■ Exercise description: Your output should be the lines from the one containing "Foreign secretary James" through the last line below, both ends included, exactly as written and free of pictures.

■ Recorded information:
=== Section Start ===

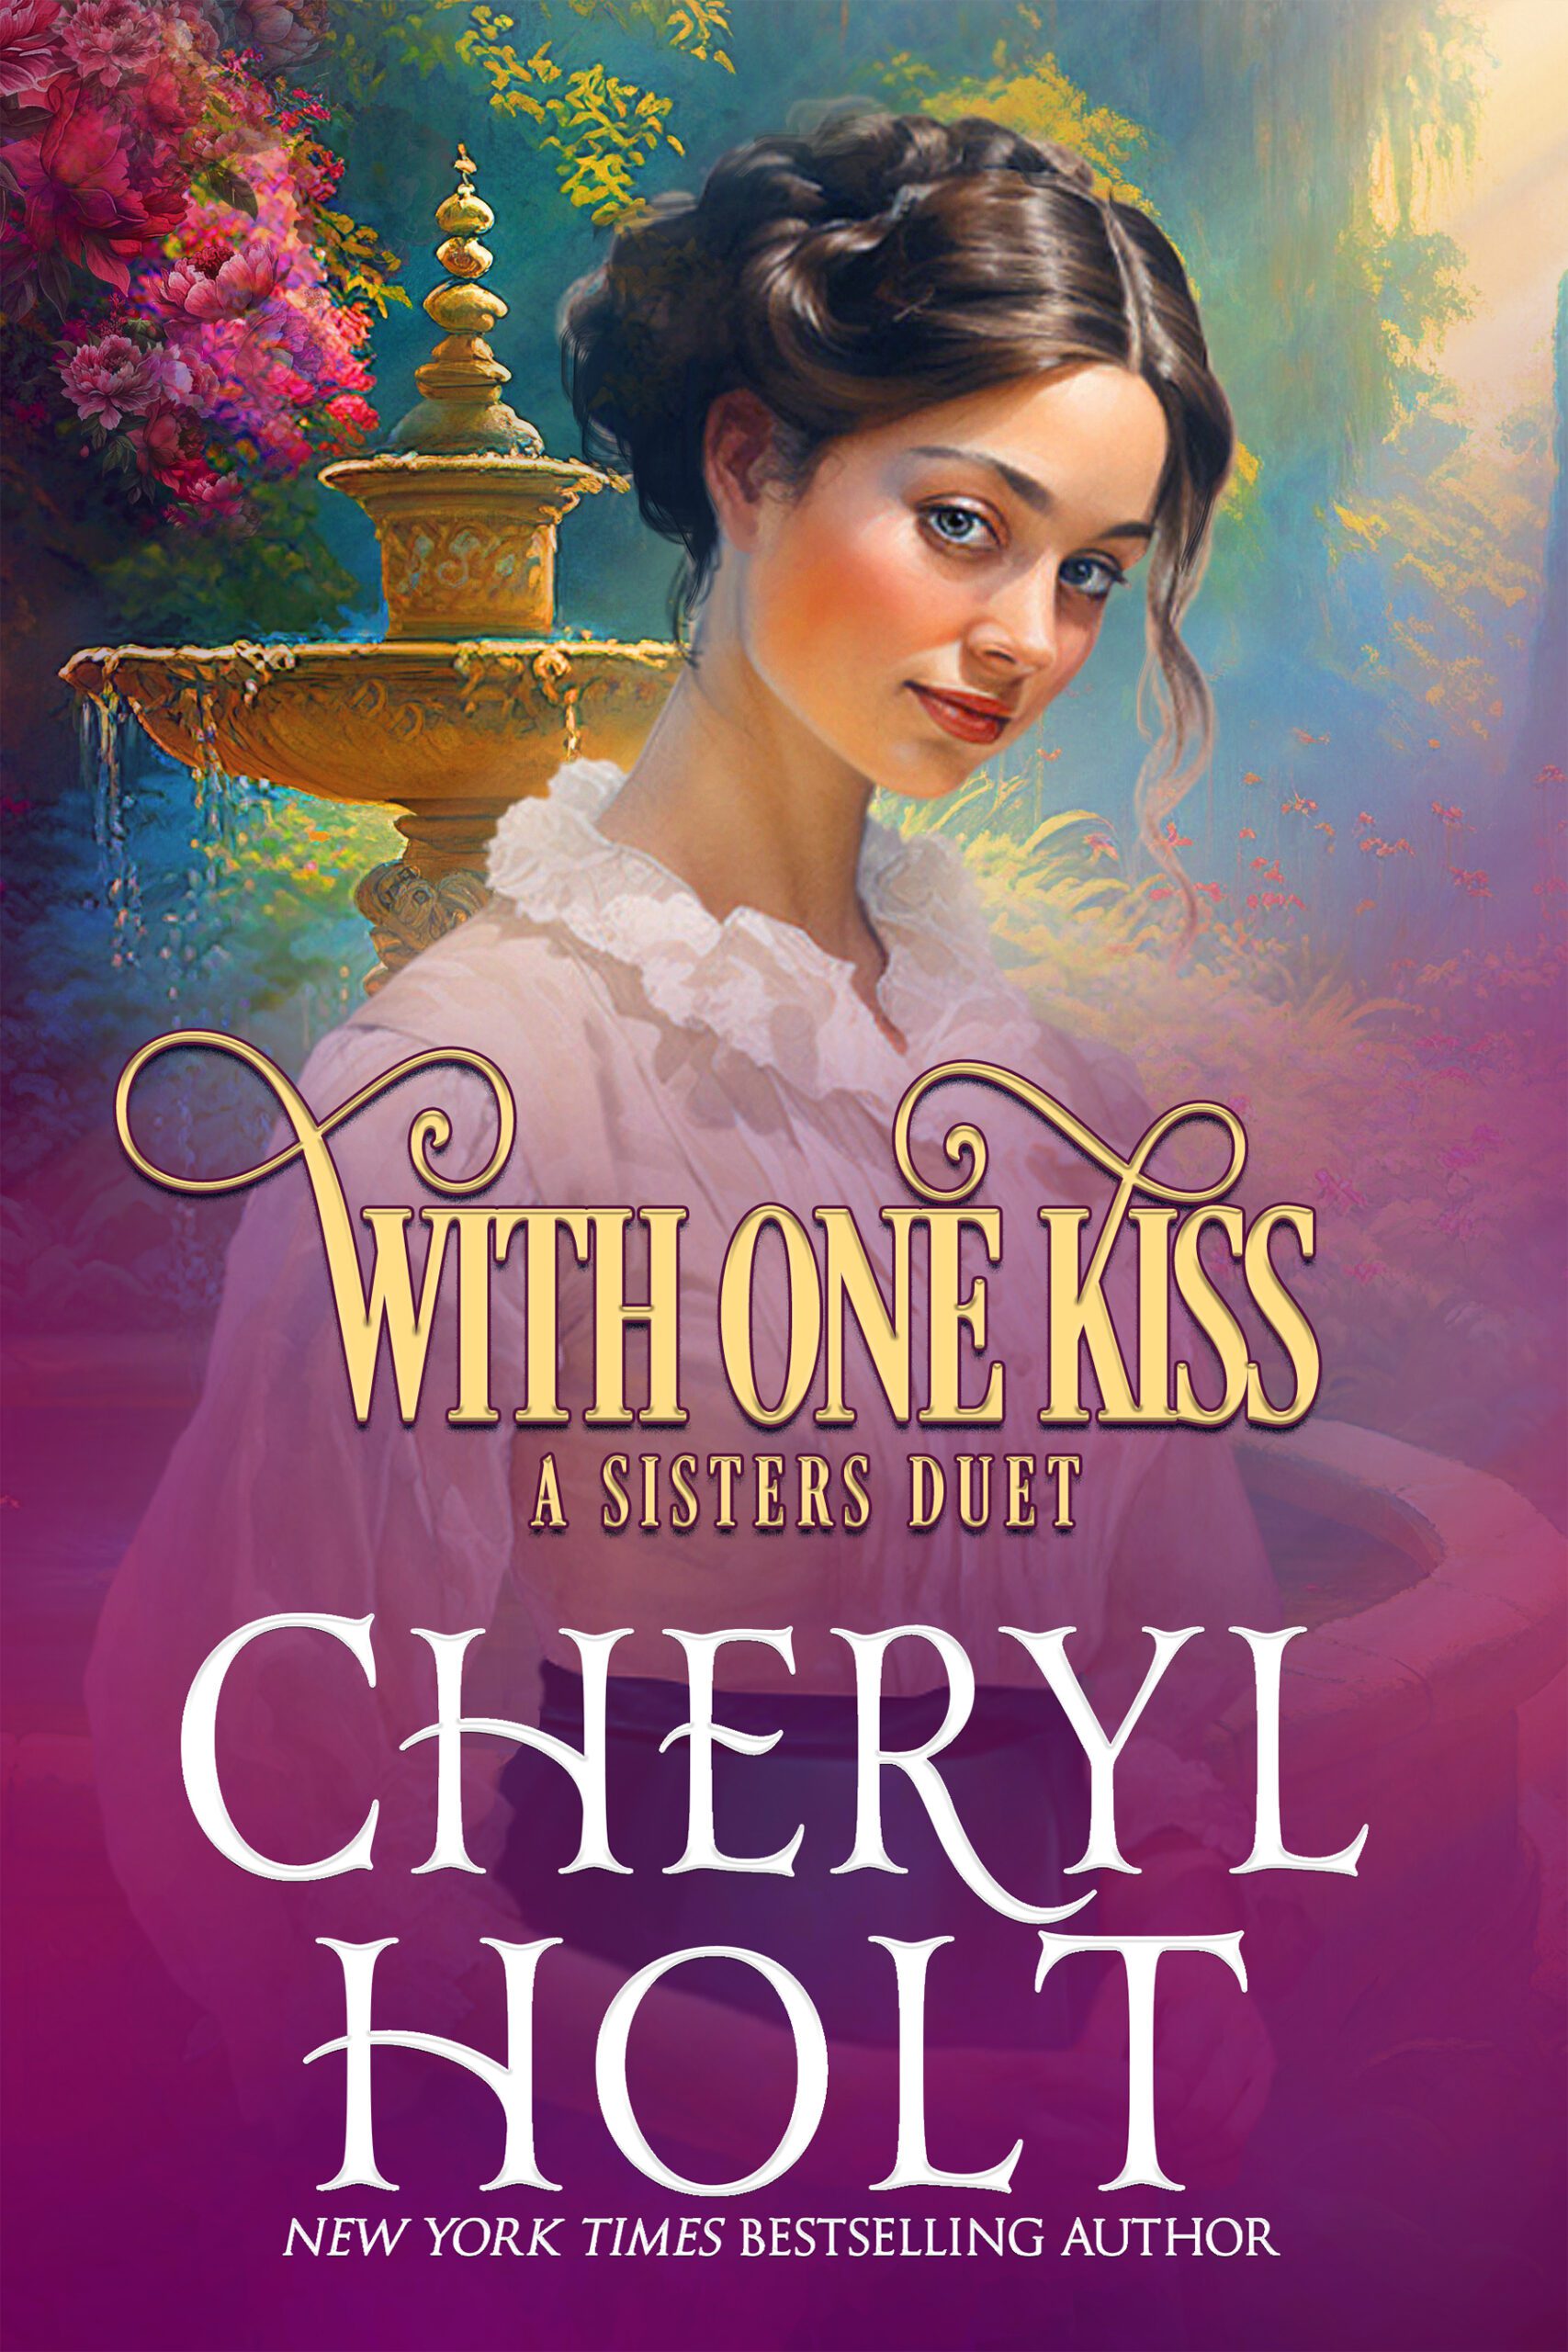 WITH ONE KISS by Cheryl Holt
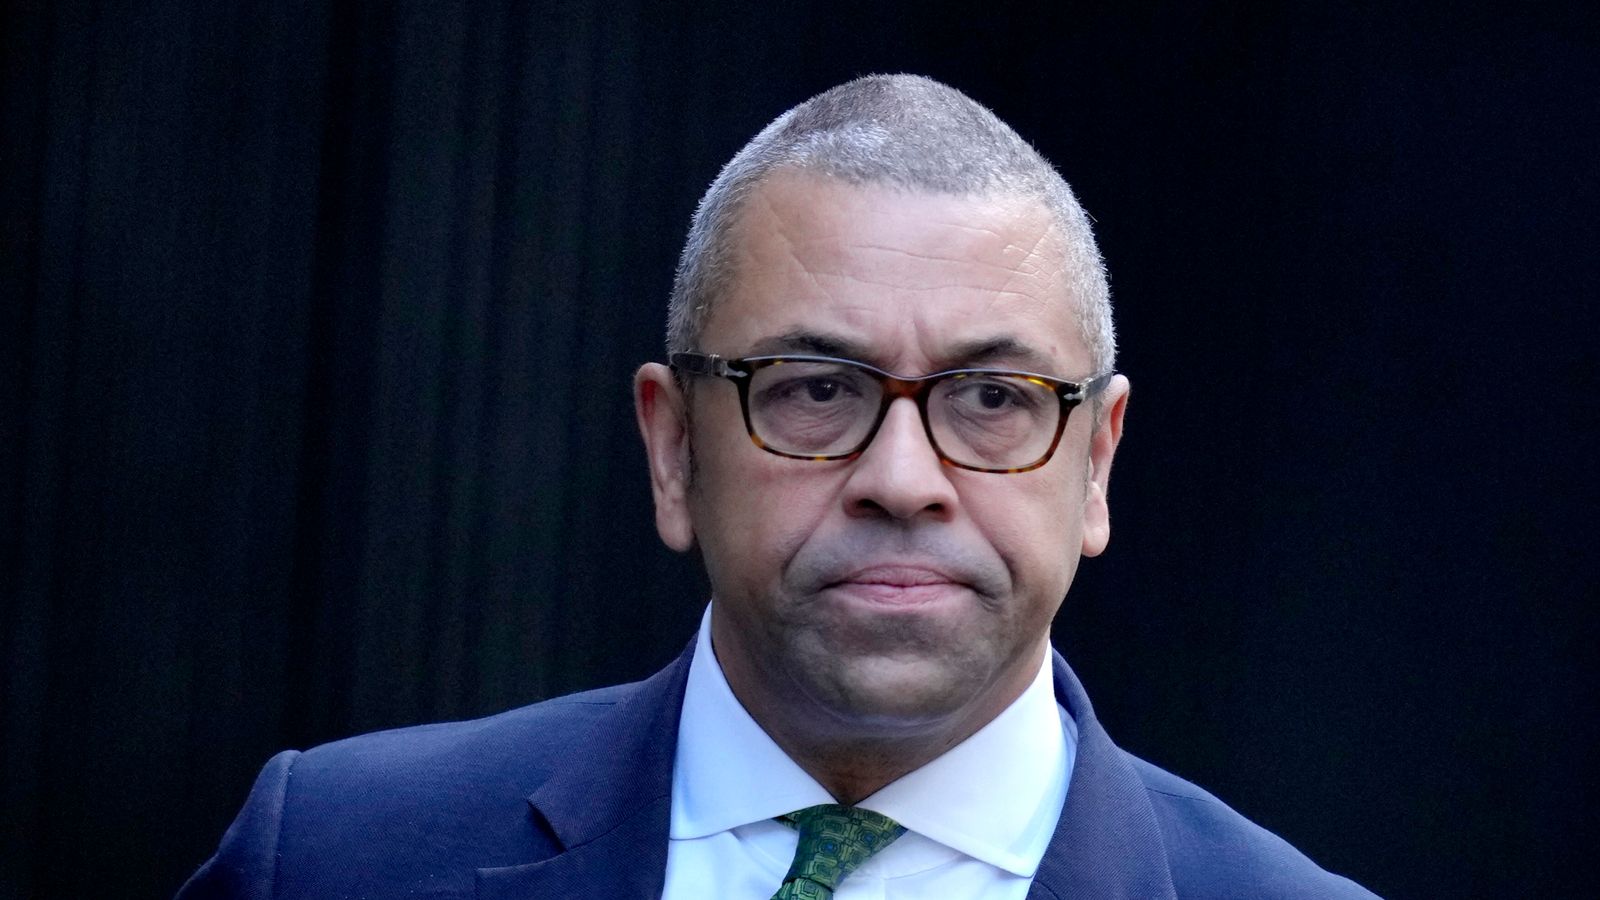 Foreign secretary James Cleverly criticised for 'tone-deaf' LGBT comments about ..
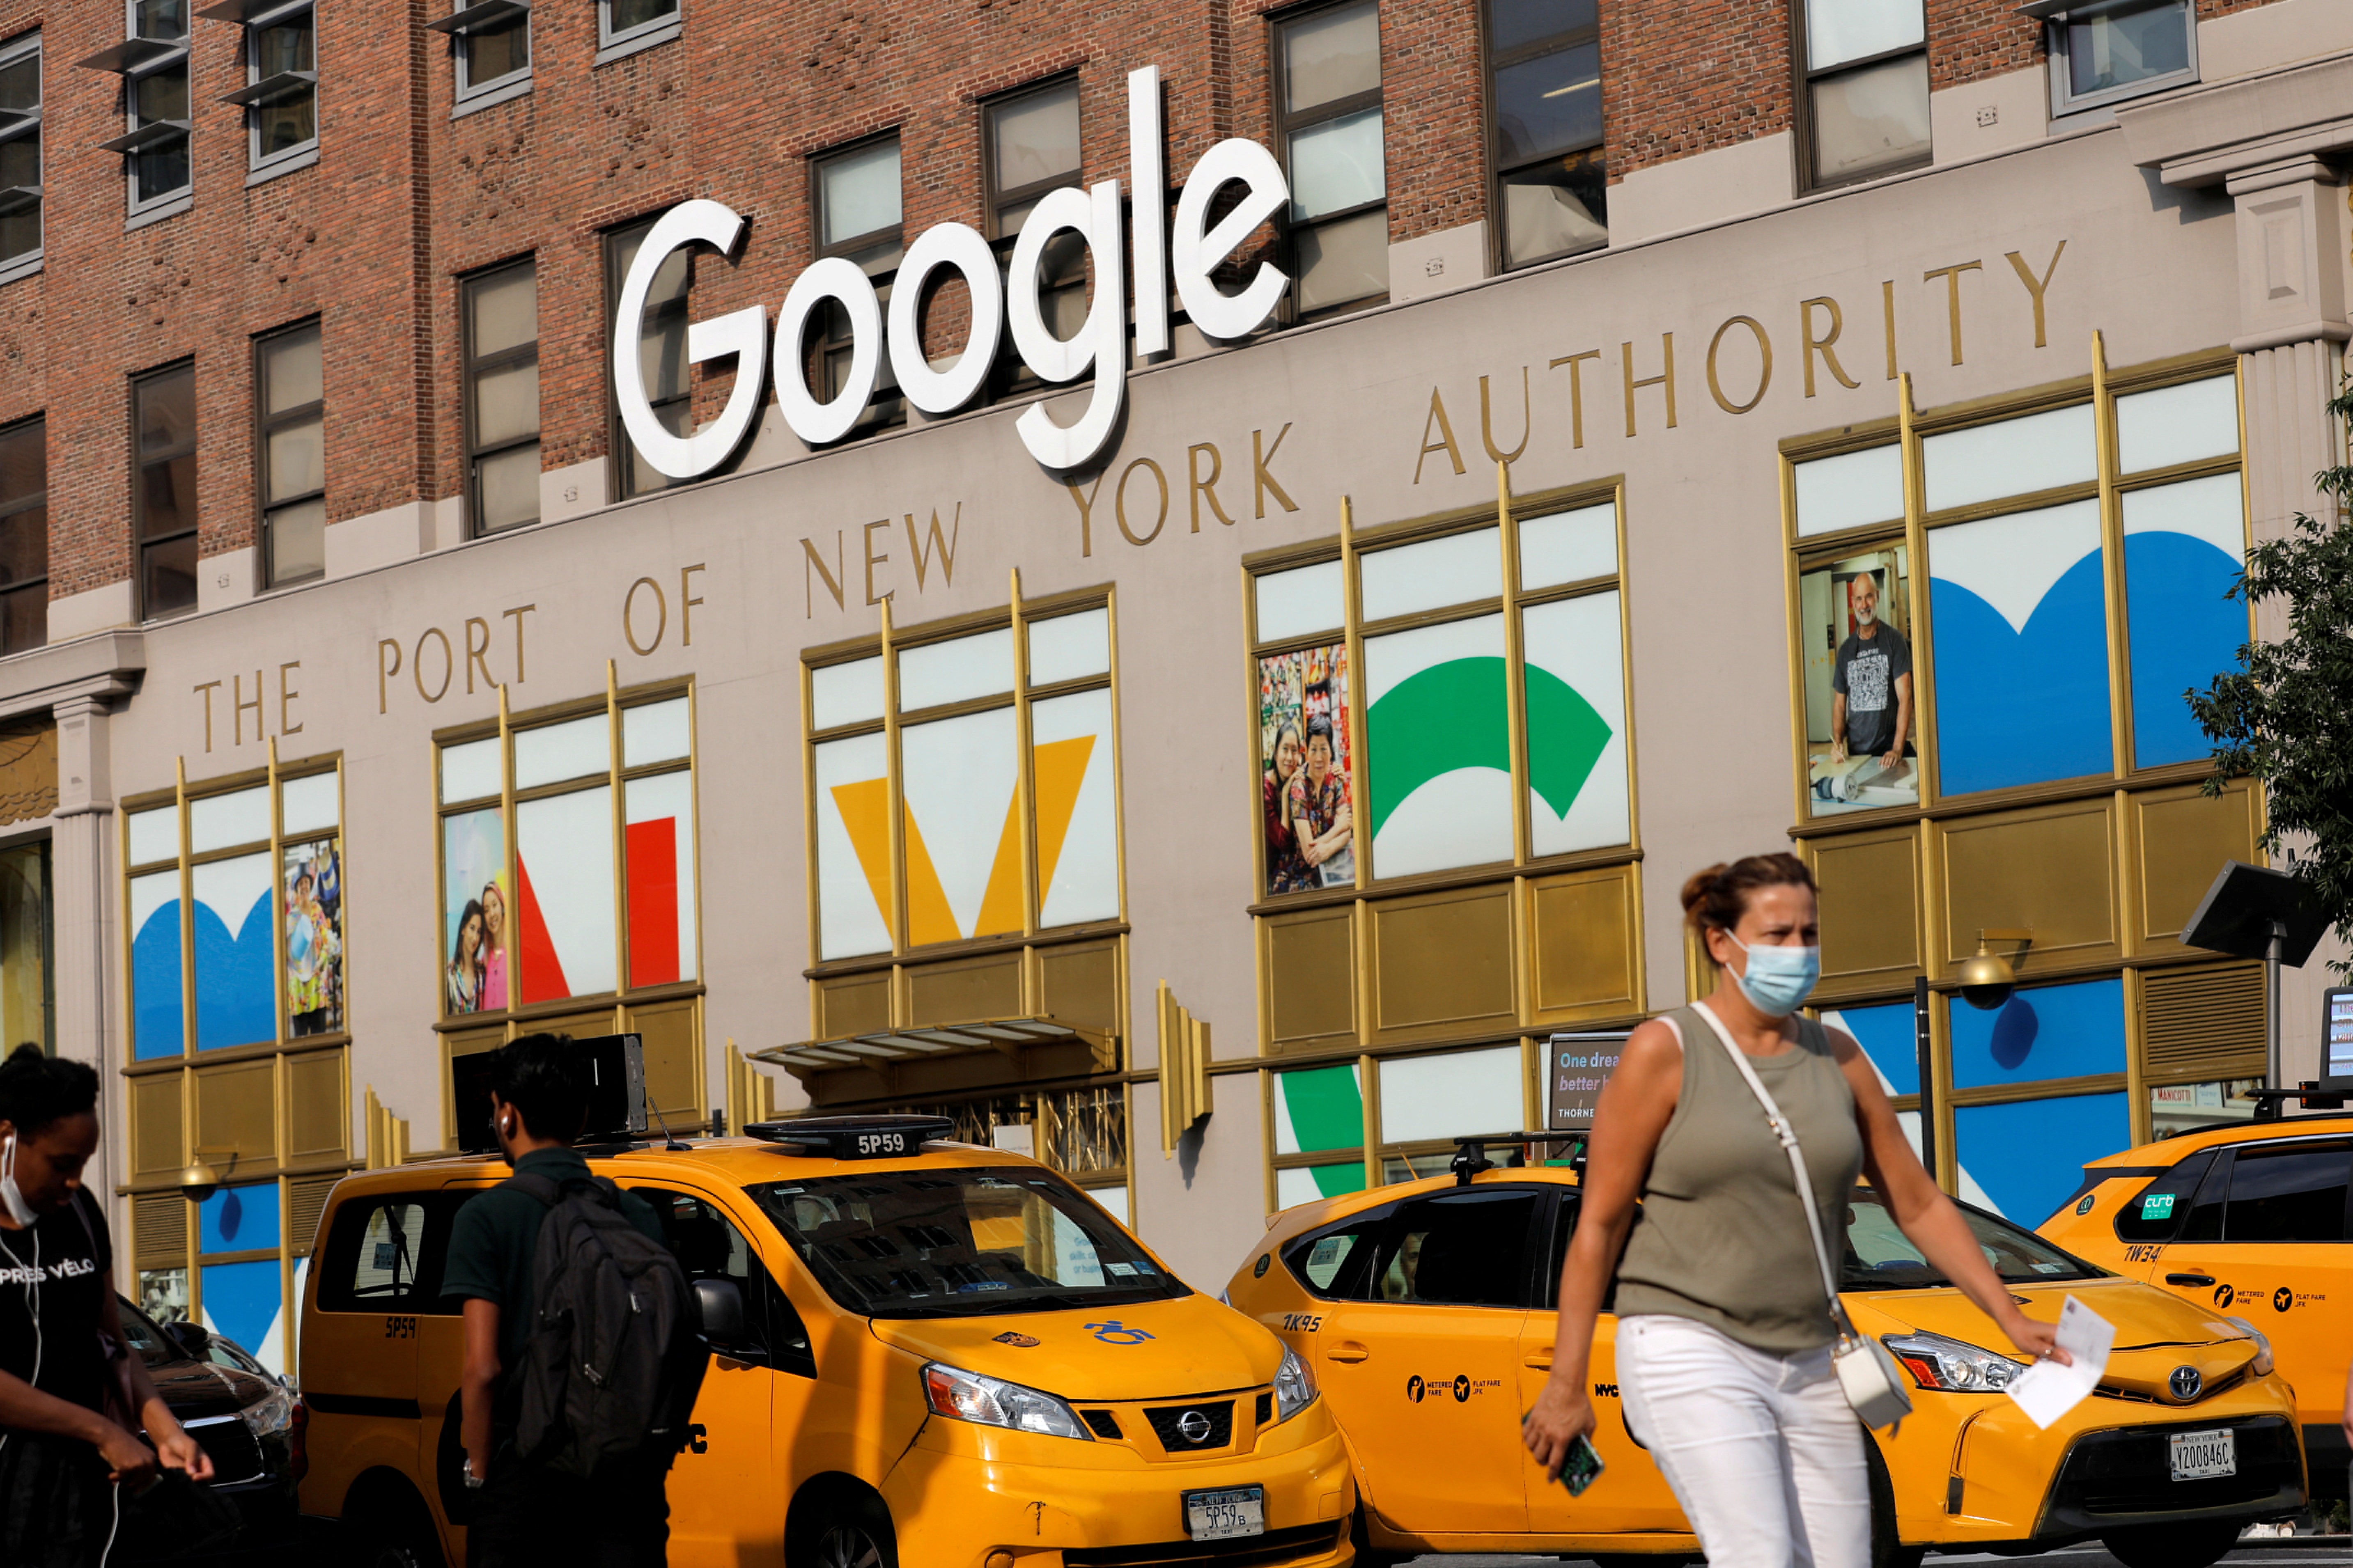 A person in a mask walks by the New York Google offices in New York City

=== Section End ===

■ Result of the task:
 Foreign secretary James Cleverly criticised for 'tone-deaf' LGBT comments about ..
 A person in a mask walks by the New York Google offices in New York City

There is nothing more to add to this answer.